→ Exercise brief: Without any images, write the data out exactly as it appears.

→ Exercise data:
▶

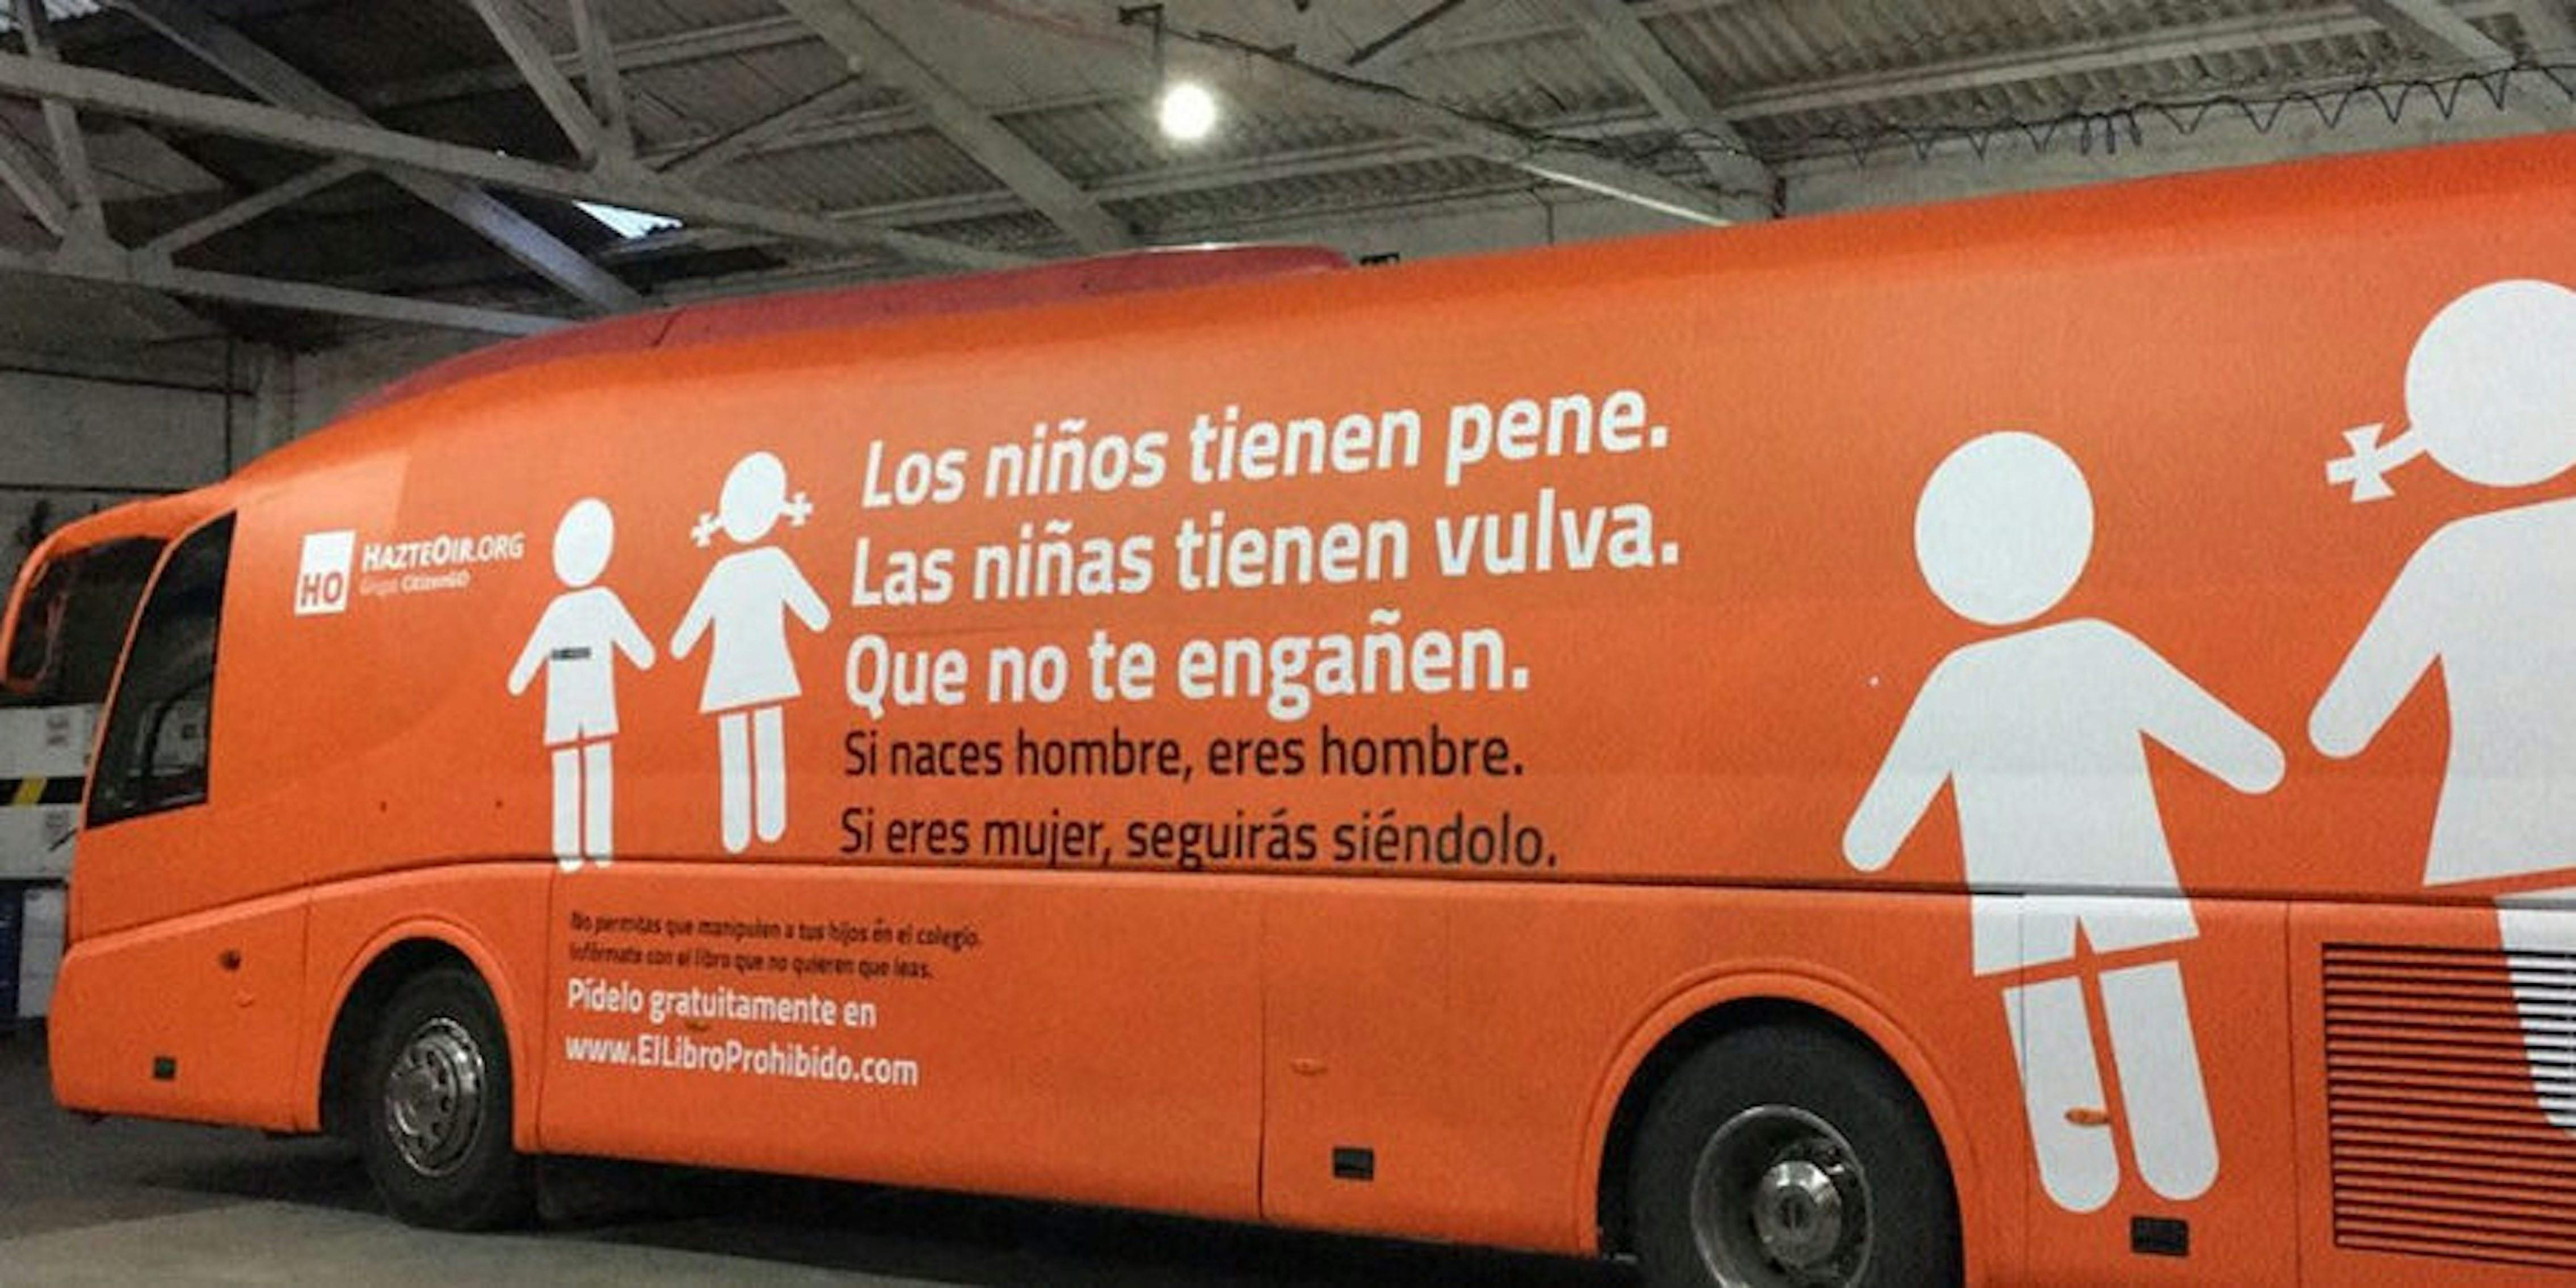 anti-transgender campaign bus Madrid
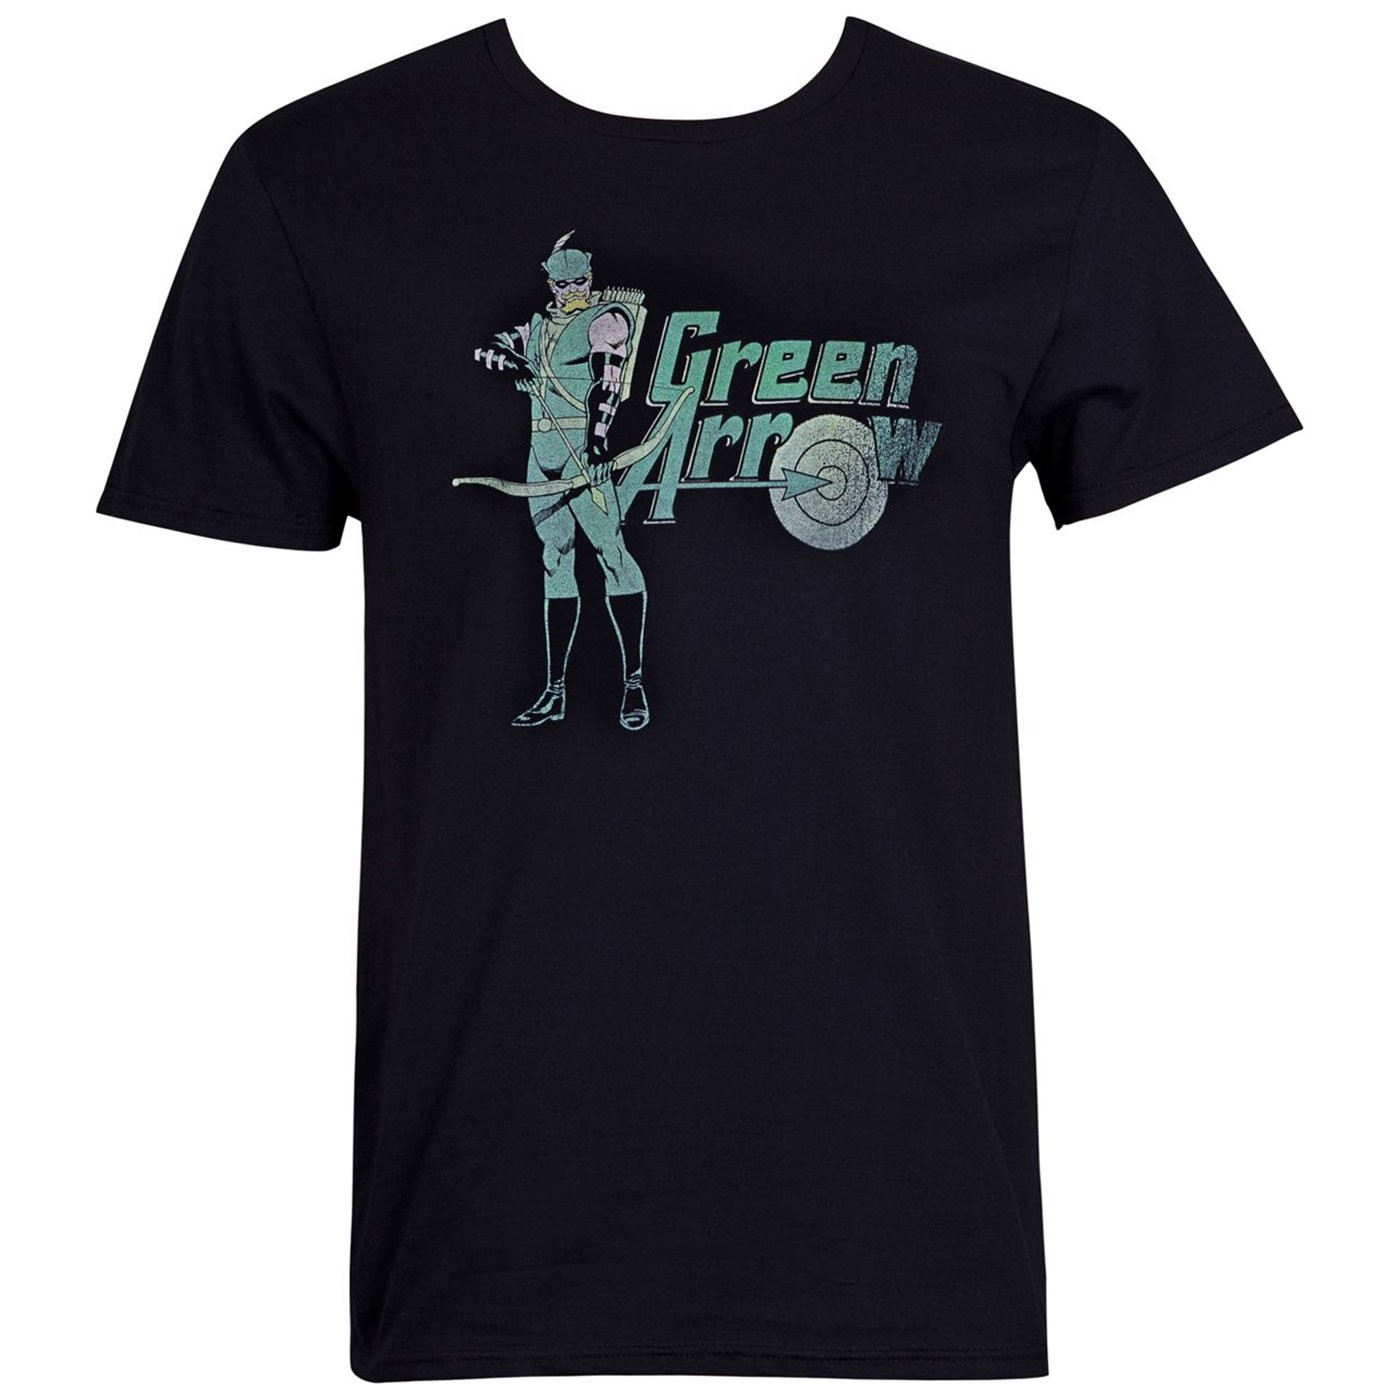 Green Arrow Character Men's T-Shirt
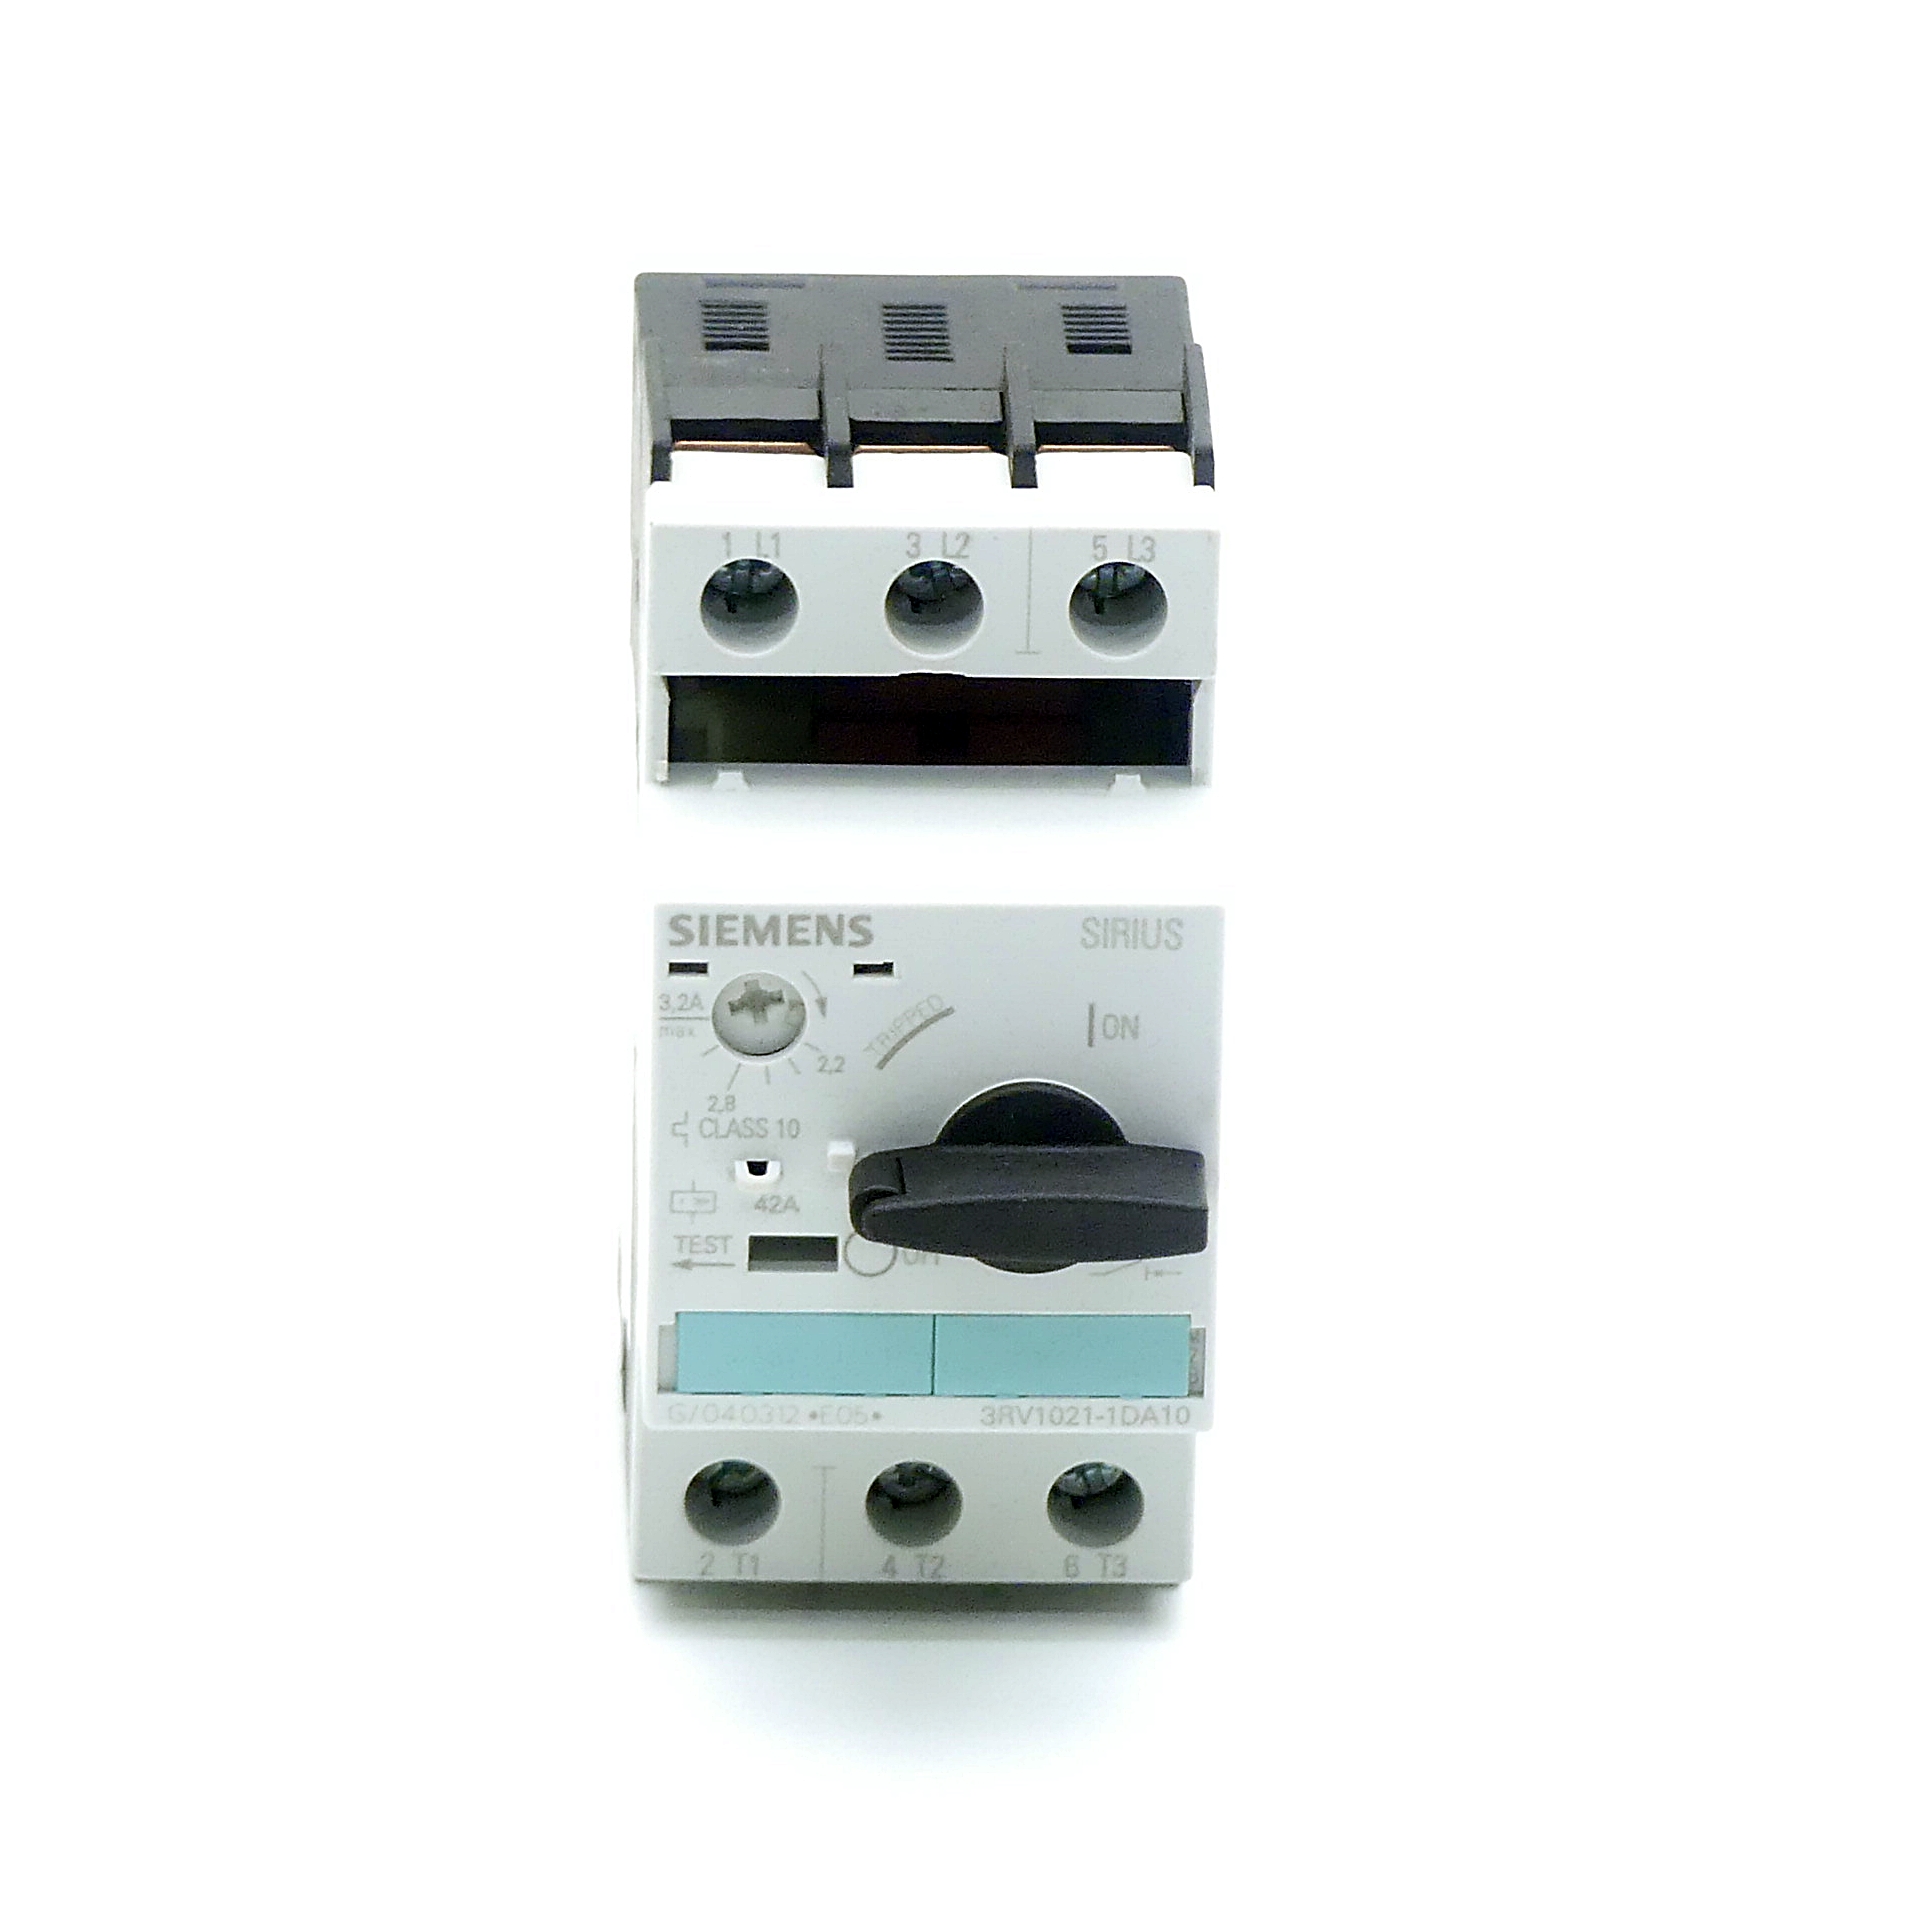 Circuit Breaker 3RV1021-1DA10

◀

→ Task result:
 anti-transgender campaign bus Madrid
 Green Arrow Character Men's T-Shirt
 Circuit Breaker 3RV1021-1DA10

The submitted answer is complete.